◆ Task details: Write out the entries, please, from the line containing "Candy Puns For Valentines Day" through their final line, exactly and with nothing else.

Data entries:
□ □ □ □
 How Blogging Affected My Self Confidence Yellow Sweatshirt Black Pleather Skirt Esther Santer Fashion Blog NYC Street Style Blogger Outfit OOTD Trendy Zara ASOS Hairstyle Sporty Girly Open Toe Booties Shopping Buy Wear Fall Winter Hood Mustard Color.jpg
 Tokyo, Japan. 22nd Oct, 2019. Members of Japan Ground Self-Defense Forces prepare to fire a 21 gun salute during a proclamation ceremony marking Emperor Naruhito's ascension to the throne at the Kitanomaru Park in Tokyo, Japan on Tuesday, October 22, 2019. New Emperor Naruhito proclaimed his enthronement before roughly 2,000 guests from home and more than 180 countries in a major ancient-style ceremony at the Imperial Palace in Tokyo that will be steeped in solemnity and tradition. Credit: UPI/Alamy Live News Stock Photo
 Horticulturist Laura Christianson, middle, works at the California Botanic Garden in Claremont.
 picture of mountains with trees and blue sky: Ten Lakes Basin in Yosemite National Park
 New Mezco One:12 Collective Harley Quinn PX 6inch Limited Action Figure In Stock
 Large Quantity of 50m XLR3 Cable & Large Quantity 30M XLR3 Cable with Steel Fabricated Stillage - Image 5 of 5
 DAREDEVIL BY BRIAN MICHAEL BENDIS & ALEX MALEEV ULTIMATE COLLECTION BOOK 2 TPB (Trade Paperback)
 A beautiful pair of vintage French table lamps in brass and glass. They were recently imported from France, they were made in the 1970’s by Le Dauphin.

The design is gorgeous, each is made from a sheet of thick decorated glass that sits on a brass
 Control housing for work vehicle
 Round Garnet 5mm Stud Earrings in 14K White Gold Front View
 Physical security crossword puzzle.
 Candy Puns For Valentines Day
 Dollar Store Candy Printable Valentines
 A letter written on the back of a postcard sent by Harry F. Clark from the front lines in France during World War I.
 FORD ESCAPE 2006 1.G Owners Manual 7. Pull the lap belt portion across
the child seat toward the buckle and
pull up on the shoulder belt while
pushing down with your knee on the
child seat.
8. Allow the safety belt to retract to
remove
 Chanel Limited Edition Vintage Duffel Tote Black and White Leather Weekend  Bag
□ □ □ □
◆ Answer below:
 Candy Puns For Valentines Day
 Dollar Store Candy Printable Valentines
 A letter written on the back of a postcard sent by Harry F. Clark from the front lines in France during World War I.
 FORD ESCAPE 2006 1.G Owners Manual 7. Pull the lap belt portion across
the child seat toward the buckle and
pull up on the shoulder belt while
pushing down with your knee on the
child seat.
8. Allow the safety belt to retract to
remove
 Chanel Limited Edition Vintage Duffel Tote Black and White Leather Weekend  Bag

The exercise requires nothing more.